» Supplied data
::::

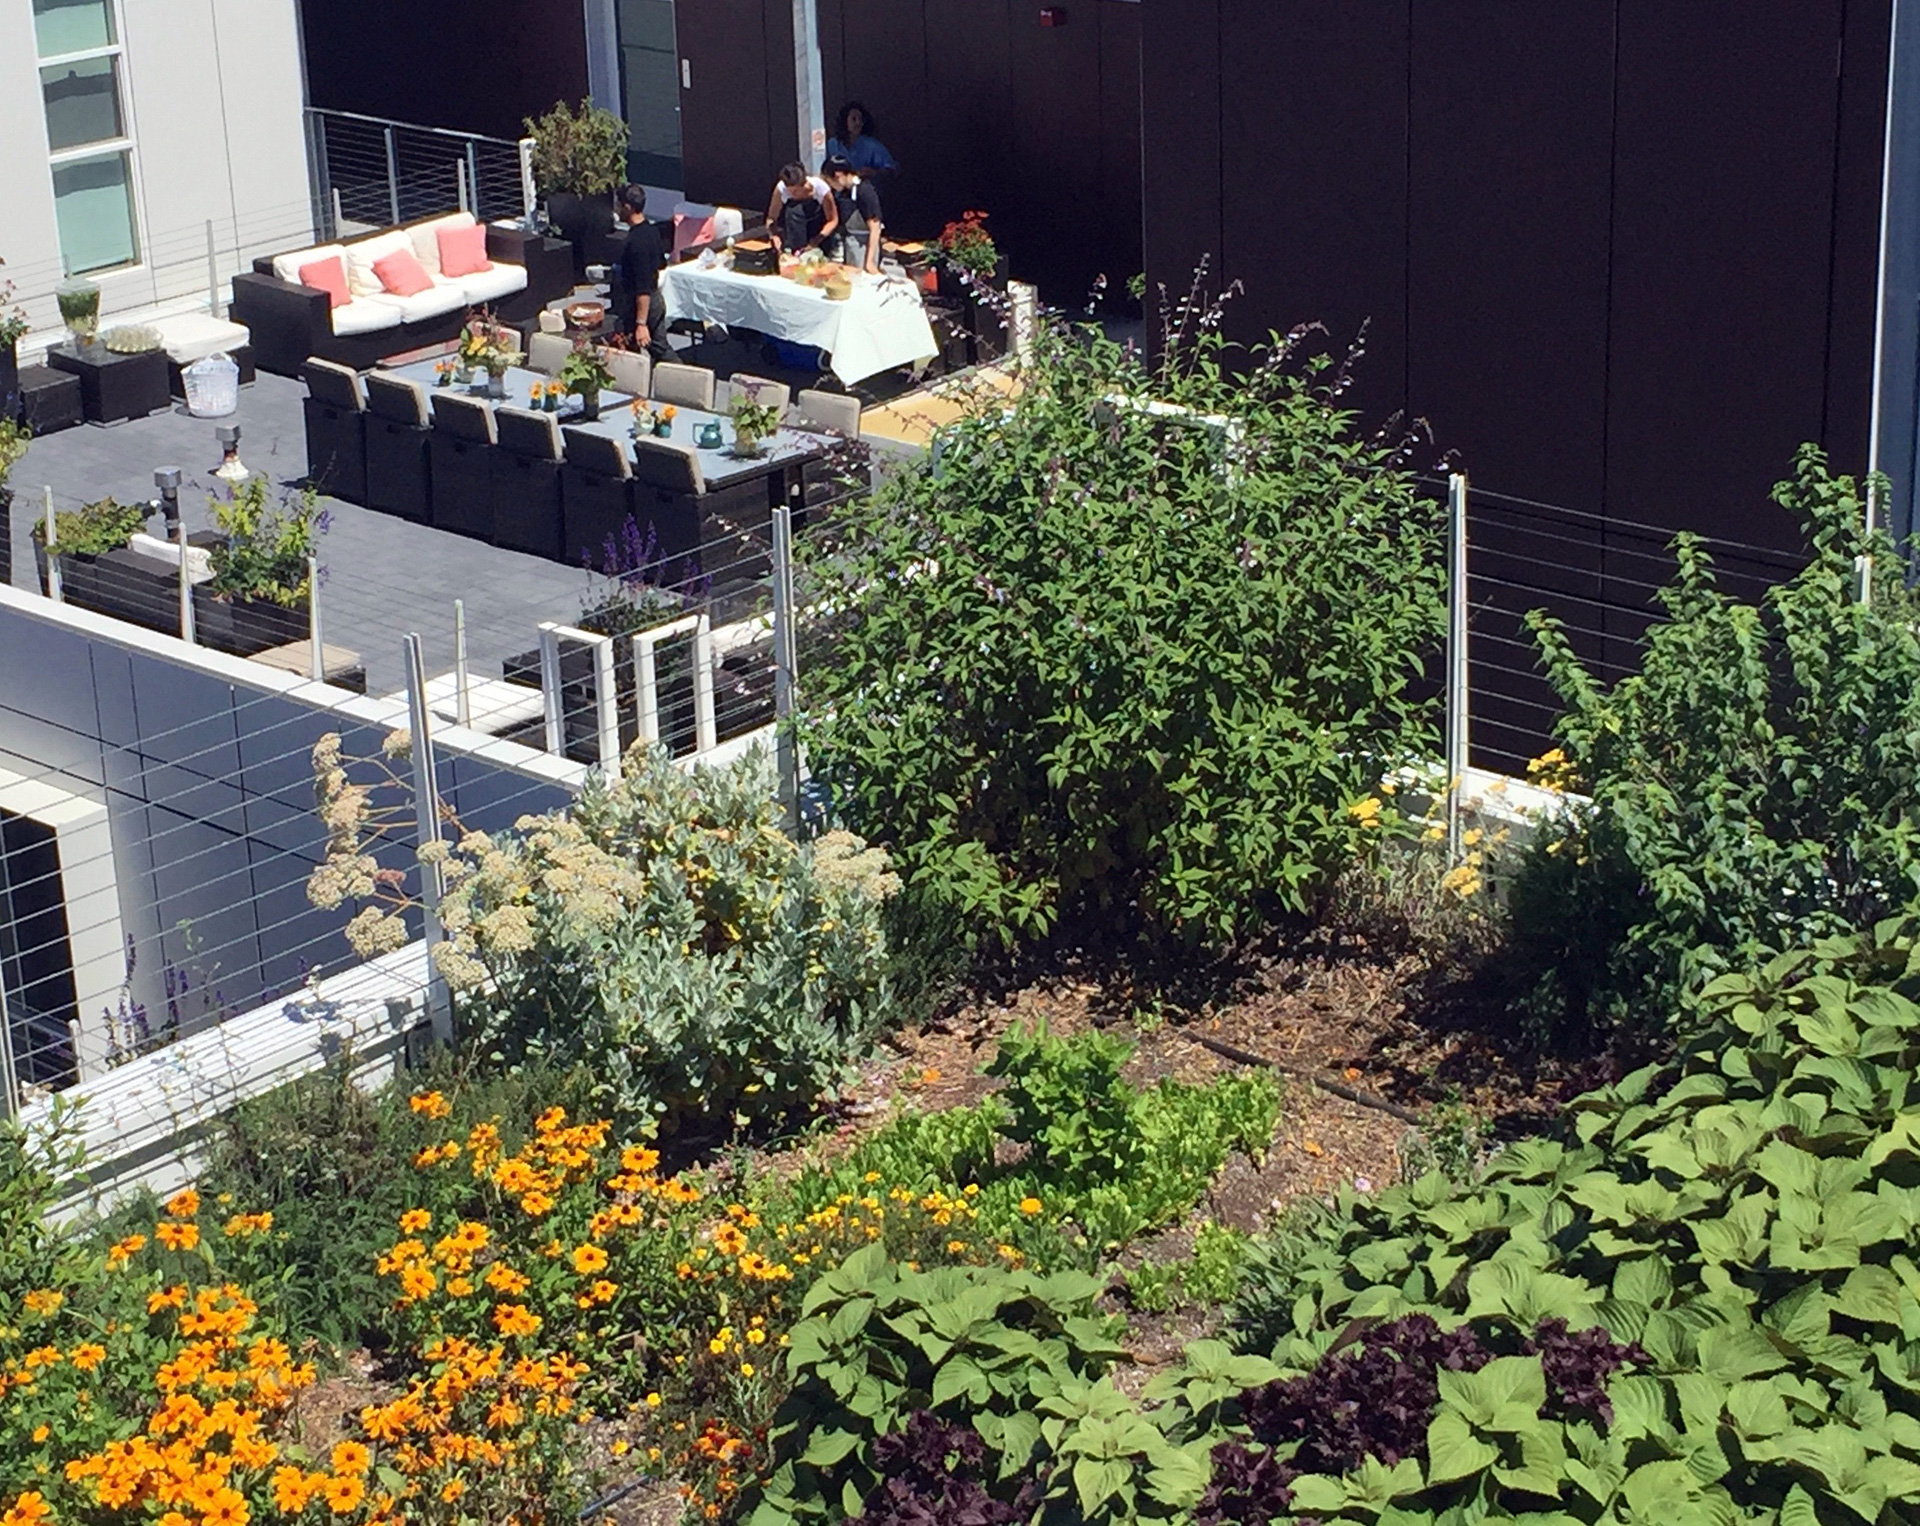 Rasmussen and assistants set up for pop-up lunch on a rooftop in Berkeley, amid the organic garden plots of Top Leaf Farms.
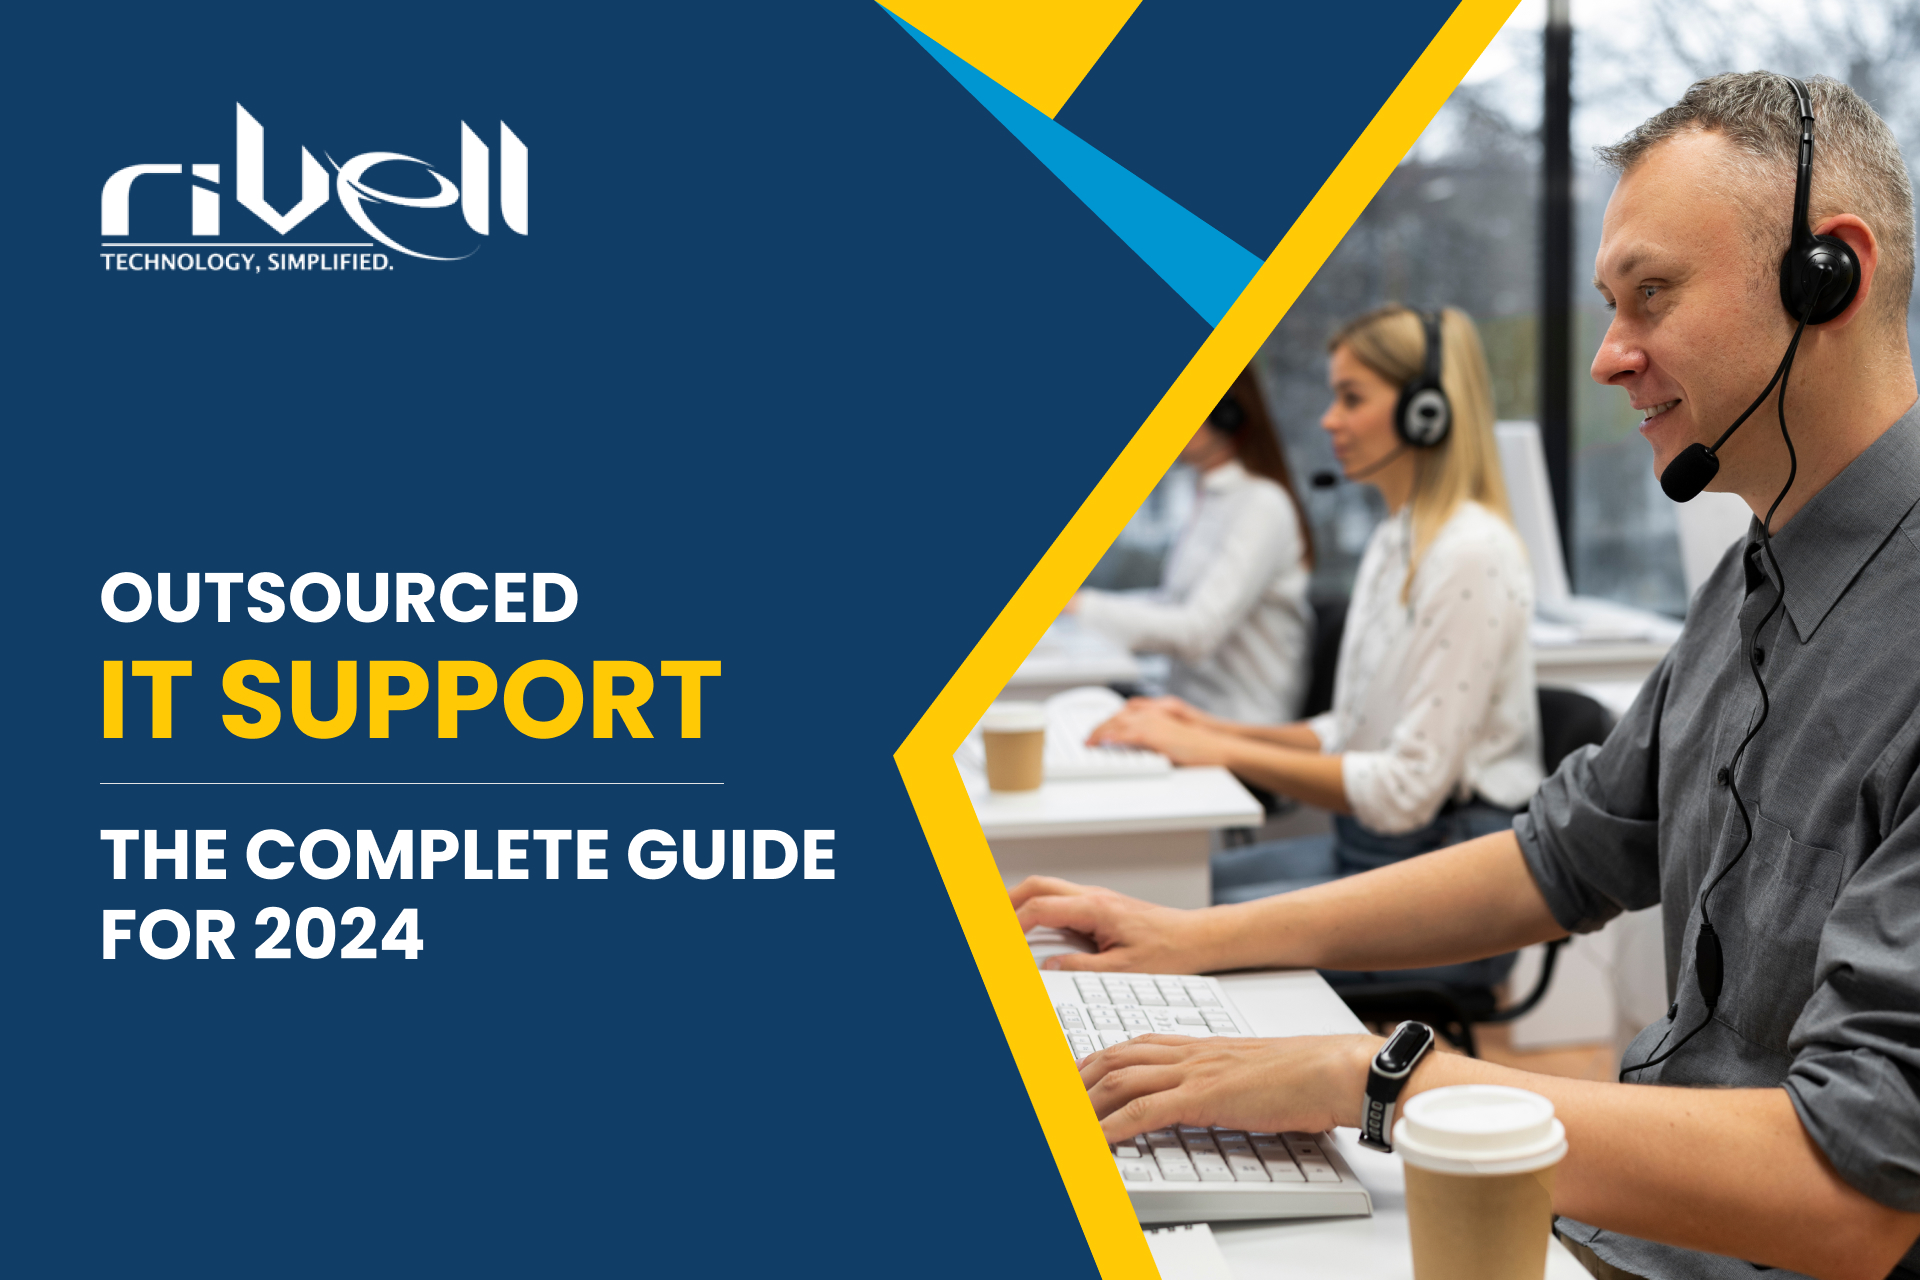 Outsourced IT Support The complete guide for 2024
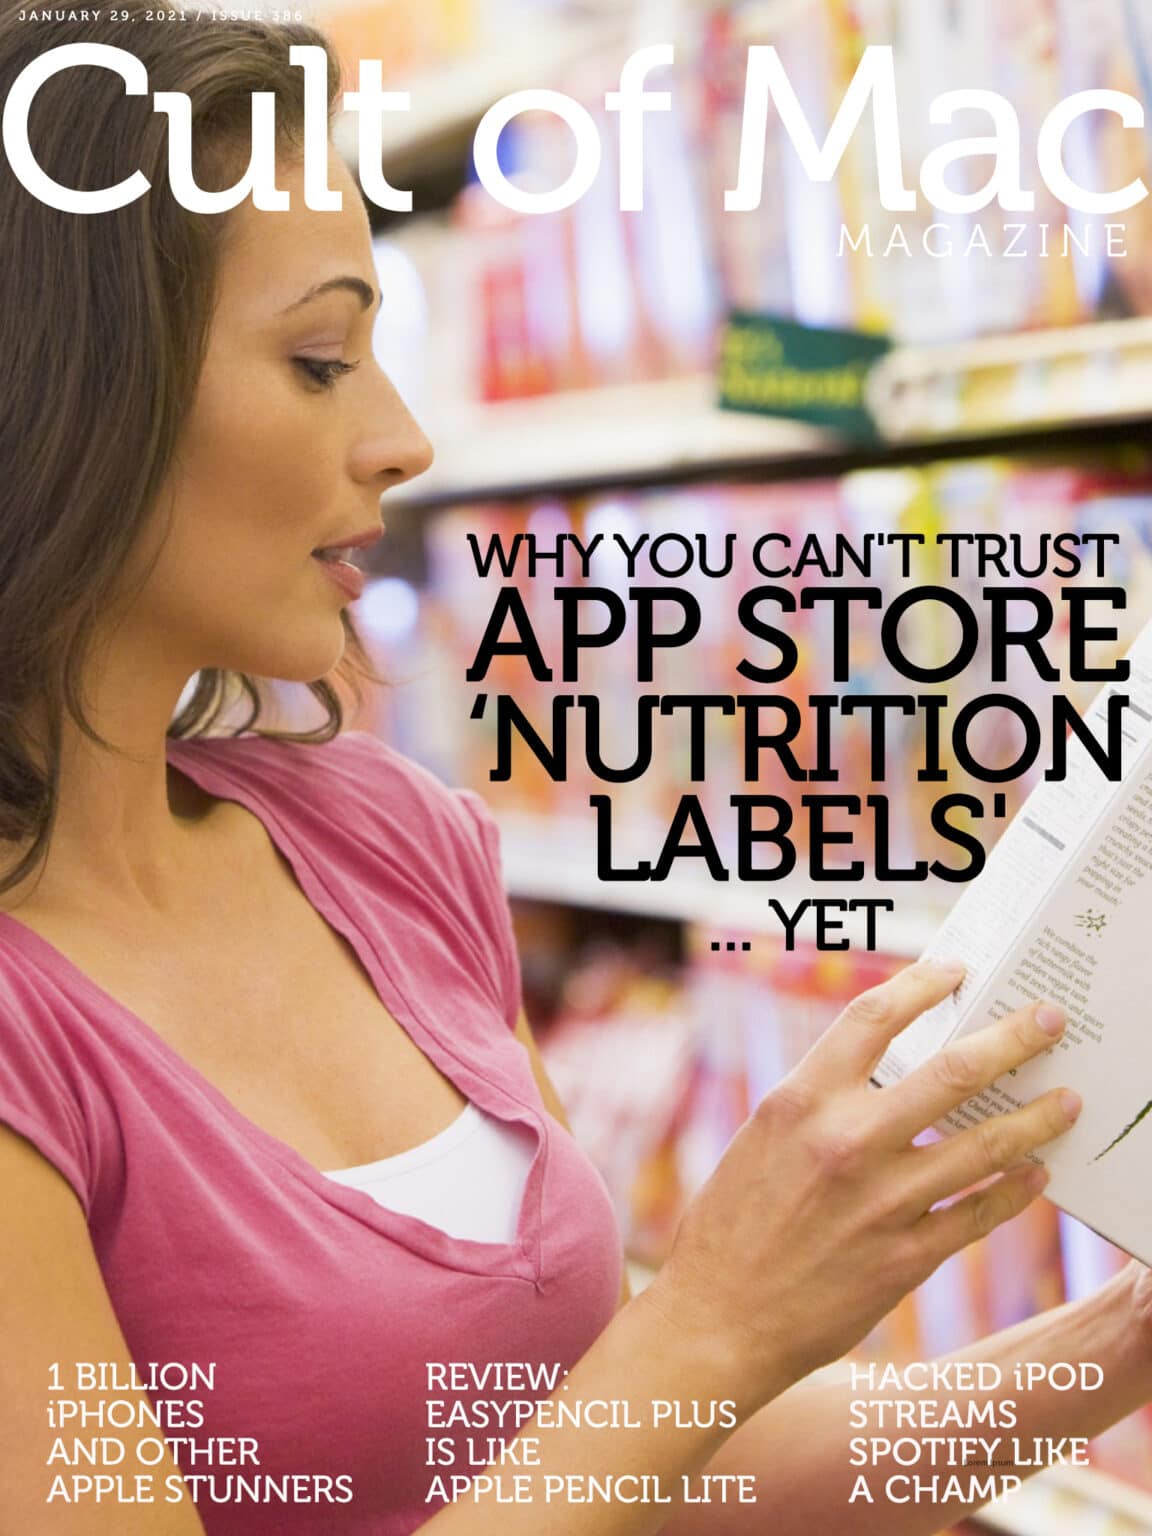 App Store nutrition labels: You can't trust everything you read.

::::

» Exercise brief
Everything in the material must be duplicated exactly, except the pictures.

» Solved problem
 Rasmussen and assistants set up for pop-up lunch on a rooftop in Berkeley, amid the organic garden plots of Top Leaf Farms.
 Outsourced IT Support The complete guide for 2024
 App Store nutrition labels: You can't trust everything you read.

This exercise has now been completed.